■ **TASK PROMPT**
Your task is to transcribe exactly, and only, the lines running from the one with "Lesson Plan 3: I Appreciate You" to the end of the listing below, inclusive, with every picture left out.

■ **SOURCE MATERIAL**
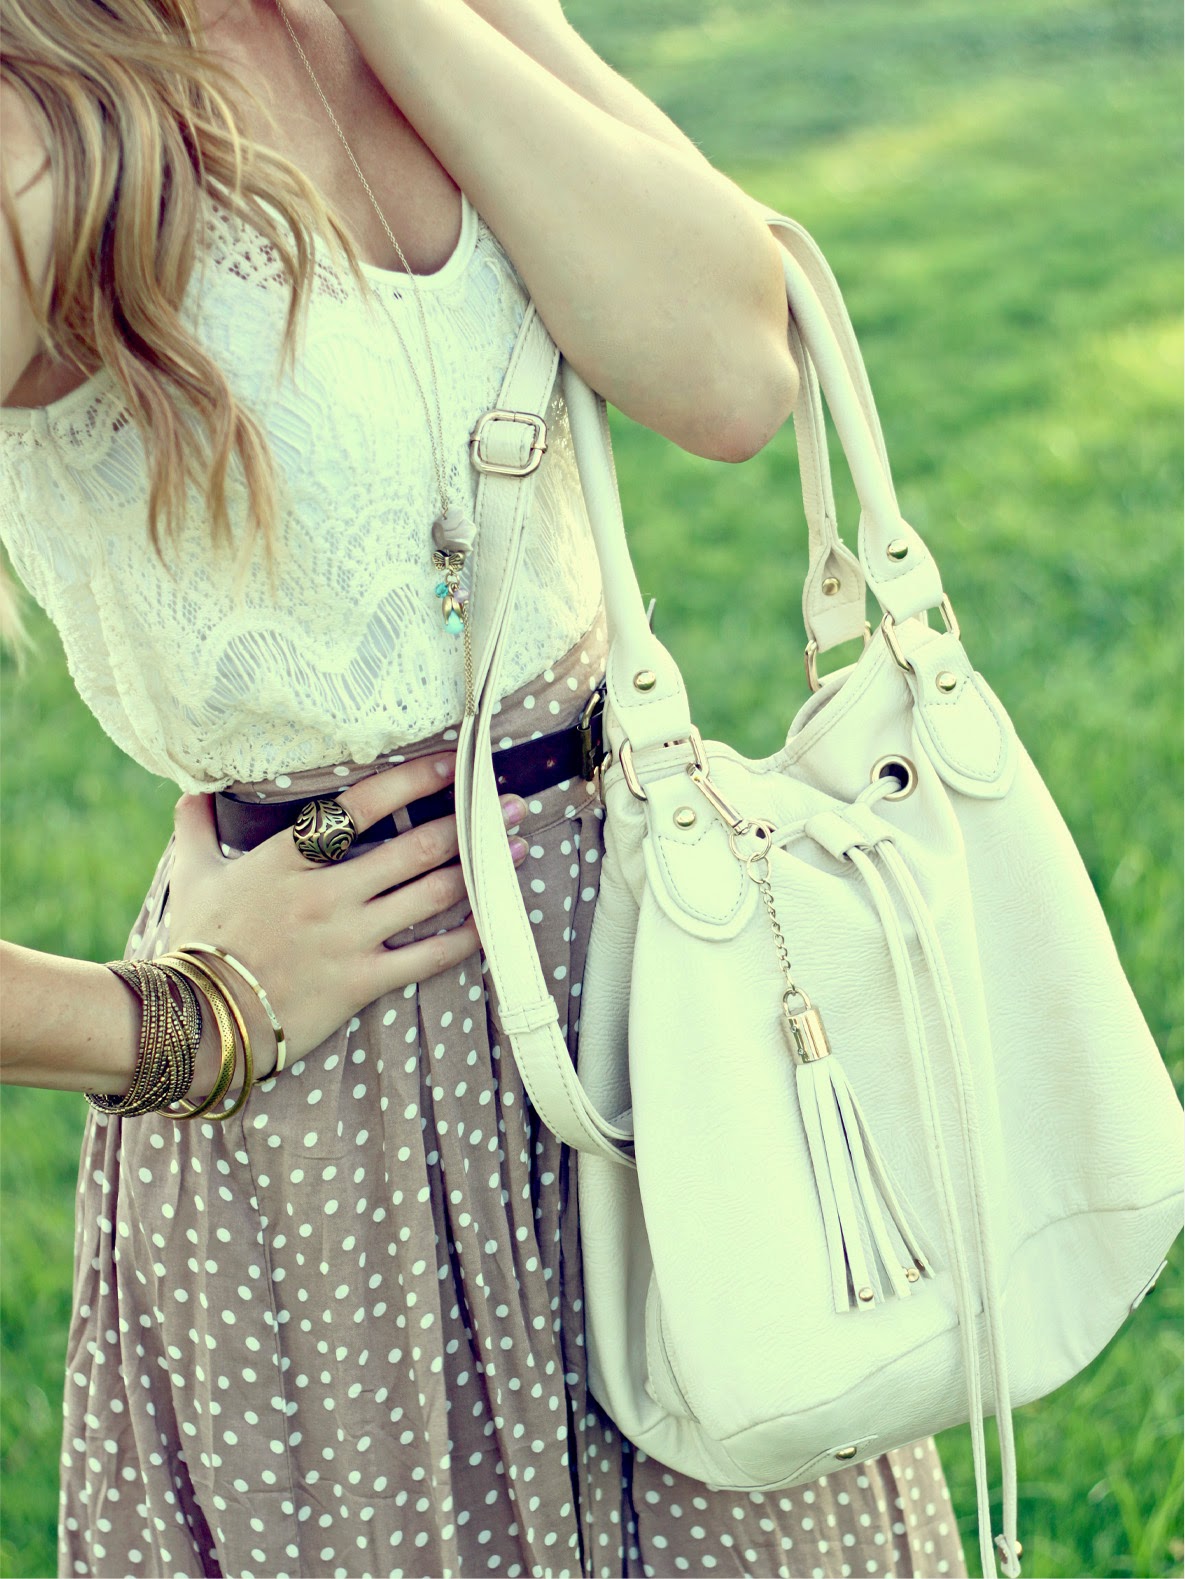 Doted Skirt With White Handbag And Top
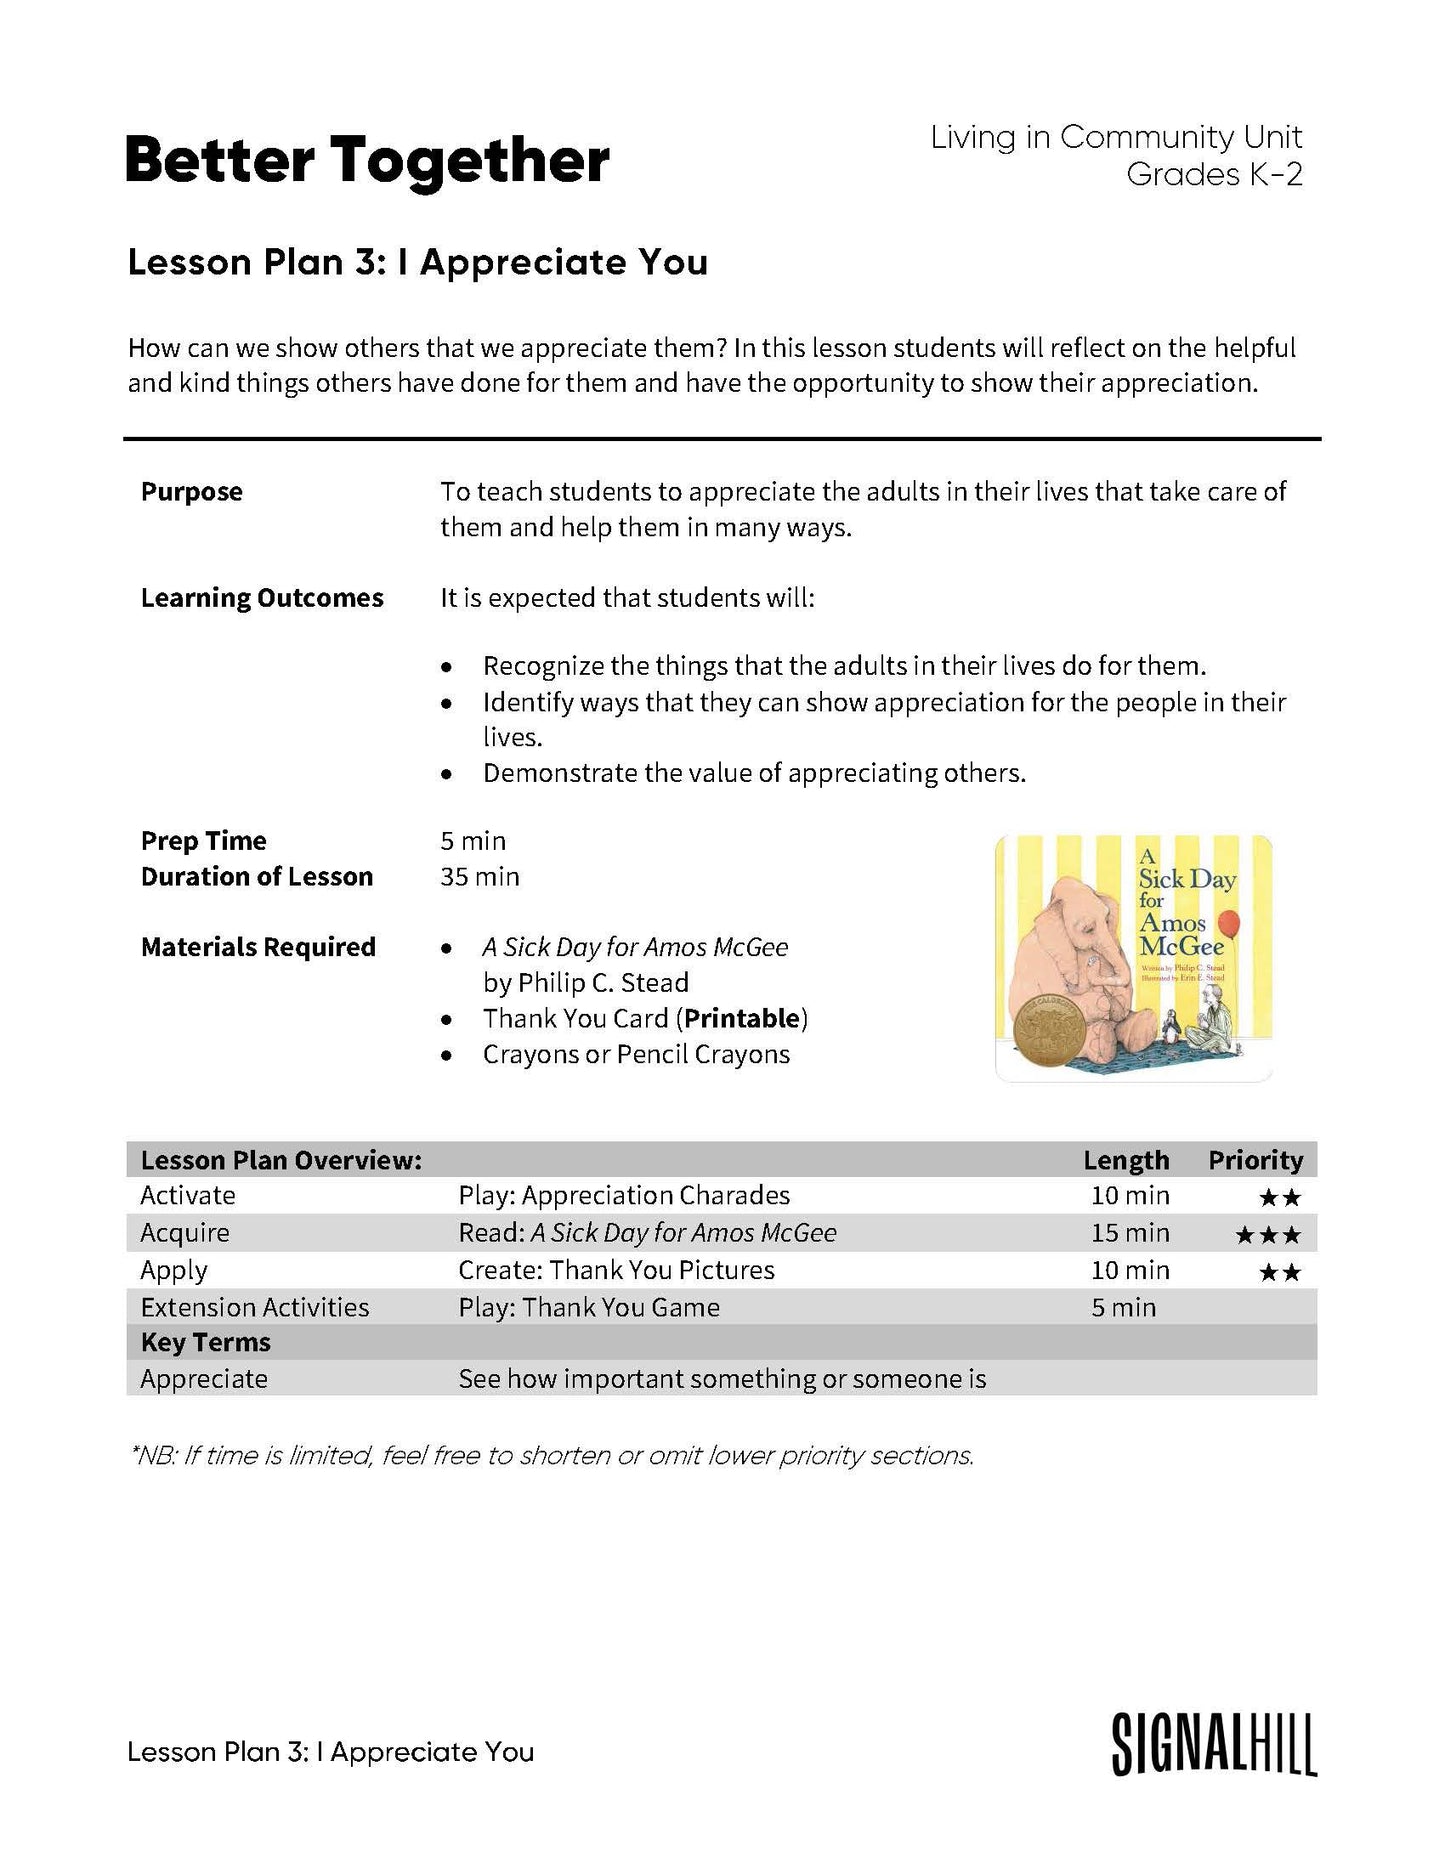 Lesson Plan 3: I Appreciate You
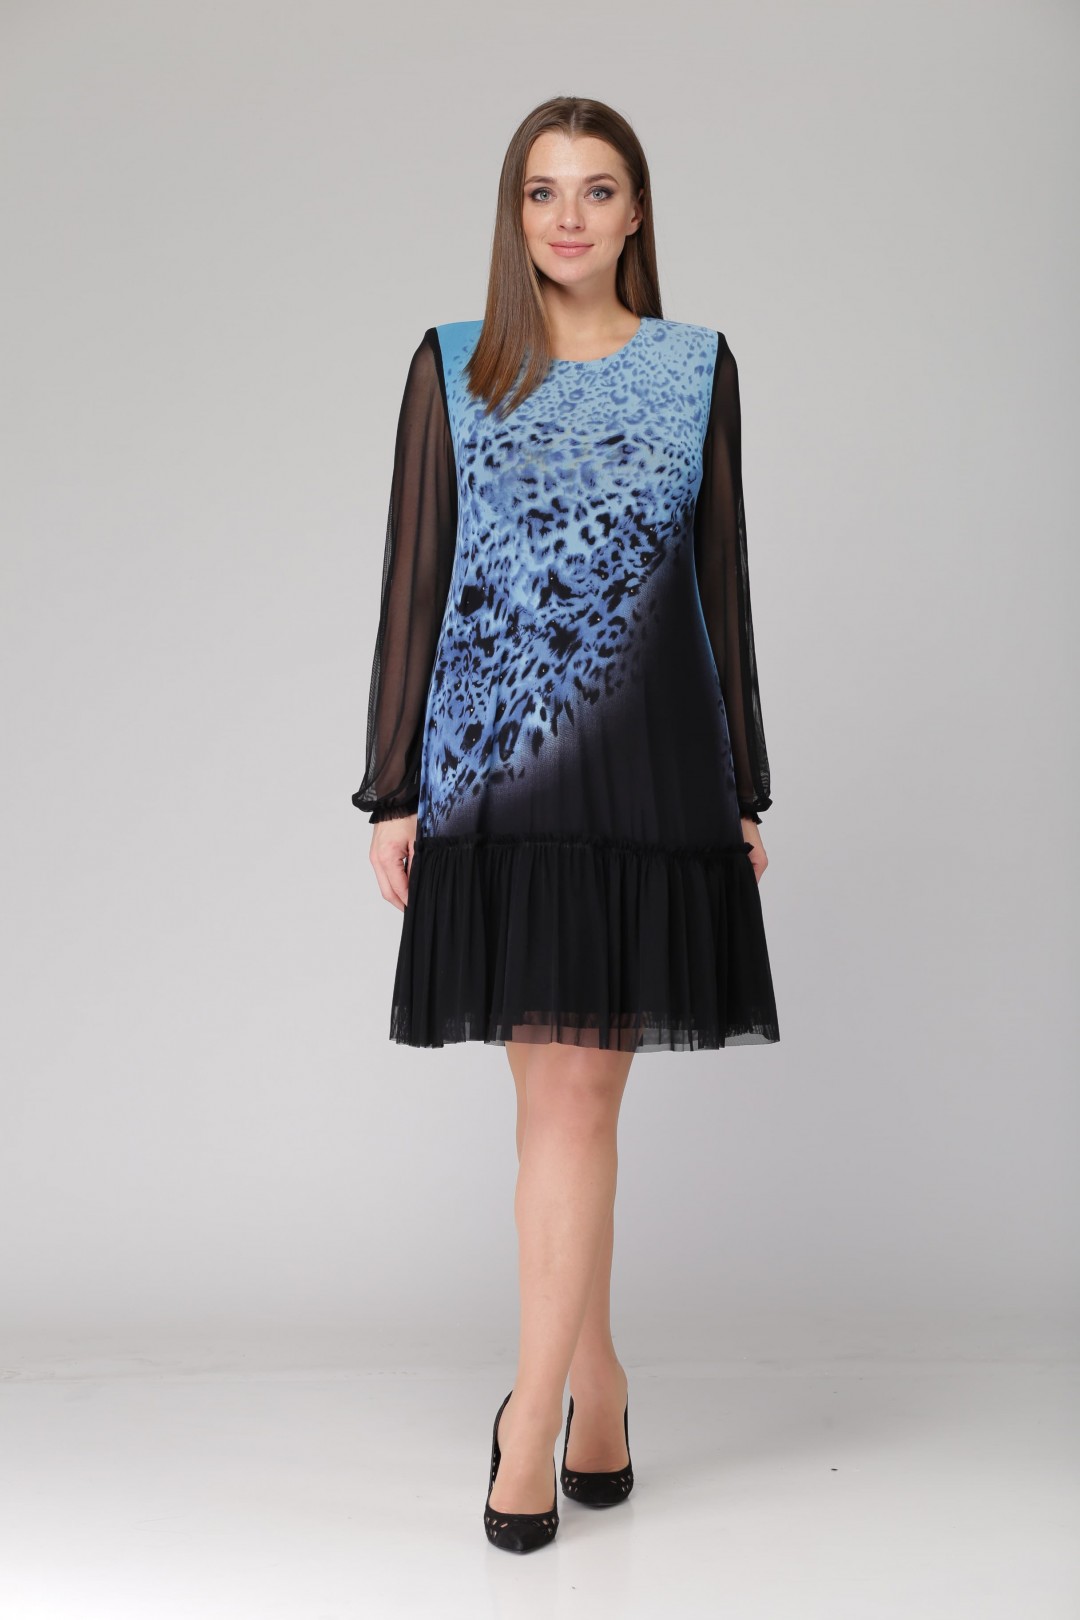 Платье Светлана-Стиль 1054 голубой+черный

■ **EXPECTED OUTPUT**
 Lesson Plan 3: I Appreciate You
 Платье Светлана-Стиль 1054 голубой+черный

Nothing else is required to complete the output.